Wittenberg has been a forerunner in undergraduate computational science for several years and was one of the first in the nation to offer a formal program in it. Recently retired Professor of Computer Science Jim Noyes, a member of the statewide users' group for OSC since its inception, drafted a white paper that included a proposal for computational science and the development of technological resources in 1997, long before computational science was on most schools' educational radar.

The computational science program became a reality when the expanded Barbara Deer Kuss Science Center opened in 2003, providing state-of-the-art facilities, equipment and laboratories, including a 64-bit WARP (Wittenberg Advanced Research Processors) cluster of computers. The compute nodes consist of 12 dual processor nodes and one quad processor node (28 compute processors in all). Each node utilizes 1.6 GHz processors. The dual processor nodes have two gigibytes (GB) of RAM and the quad processor has eight GB of RAM. There is approximately 1.7 terabytes (TB) of disk space. Its purpose is to solve challenging science problems that cannot be easily solved on regular workstations.

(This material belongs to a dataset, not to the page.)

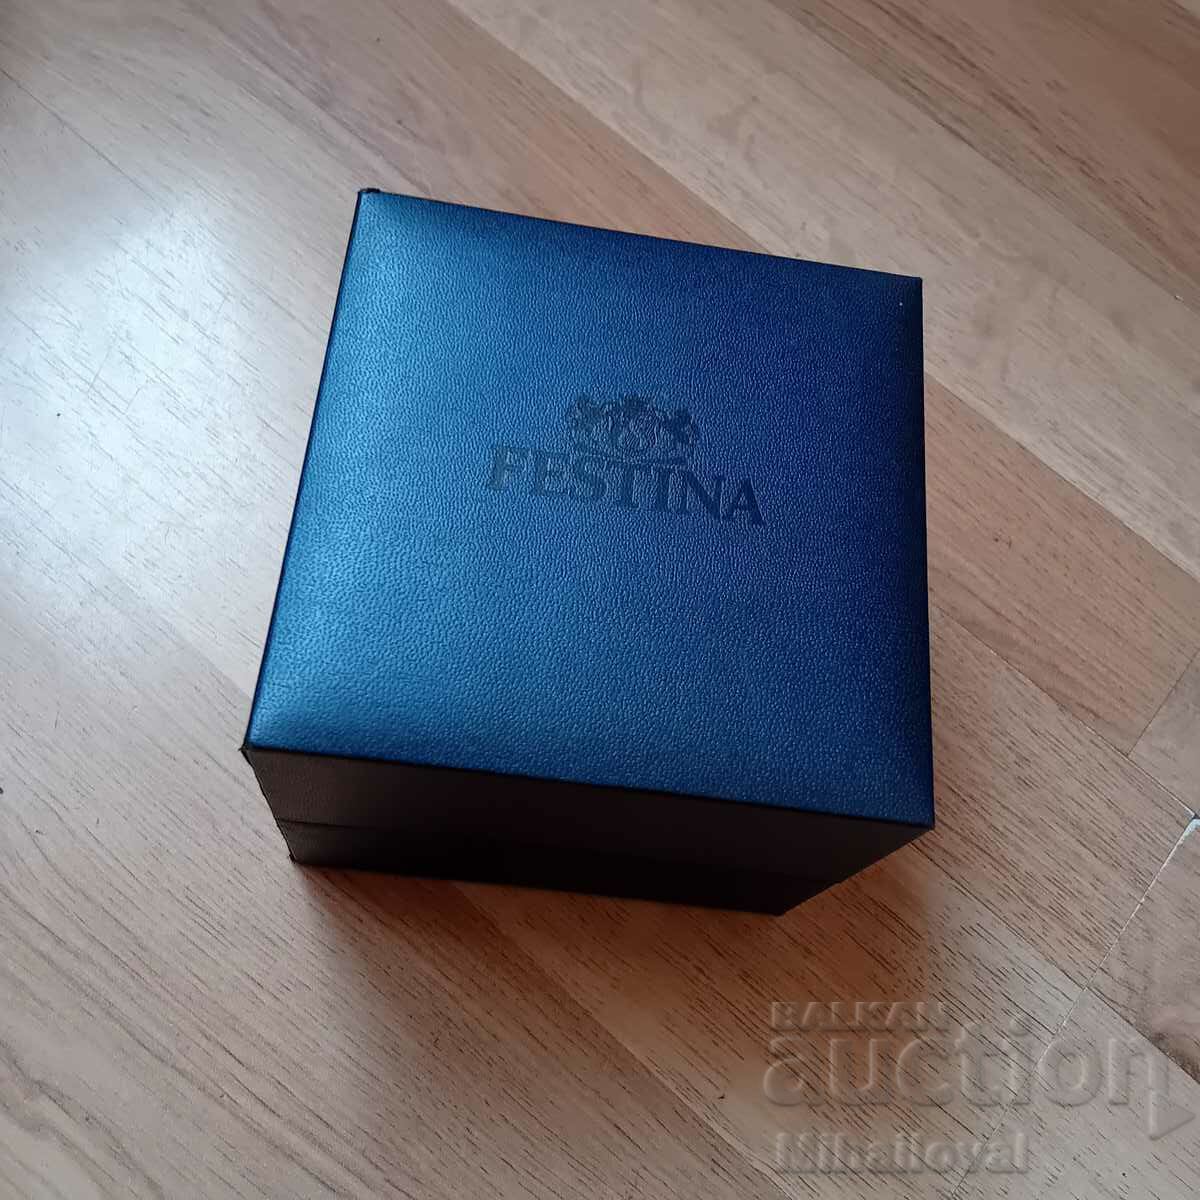 Watch box "Festina"

Computational science is a research discipline that combines the methodologies of computer science with the techniques of applied mathematics to model and solve problems in the natural and social sciences. Traditionally, research was performed in a laboratory mixing chemicals or by developing theories, but computational science allows researchers to work through modeling and simulation, as they do when designing aircraft or mapping the human genetic code.

Stahlberg is working to set a direction for computational science at Wittenberg, with a focus on creating applications for the field across disciplines. He believes the integration of computational science across the liberal arts curriculum at Wittenberg will continue to set the university apart in the emerging field.

He hopes to build upon the congressional funding earmarked for collaborative research efforts between Wittenberg, Wright-Patterson Air Force Base and OSC that was announced in 2005, as well as the Course, Curriculum and Laboratory Improvement grant program funded by the National Science Foundation and directed by Capital University professors that was announced earlier this year.

"The future of computational science is very exciting. Computing challenges and emerging capabilities are requiring new perspectives on approaches in computational science, right as several disciplines are converging," Stahlberg said. "The discoveries and transformations brought about by computational science in the next few years will be nothing short of remarkable."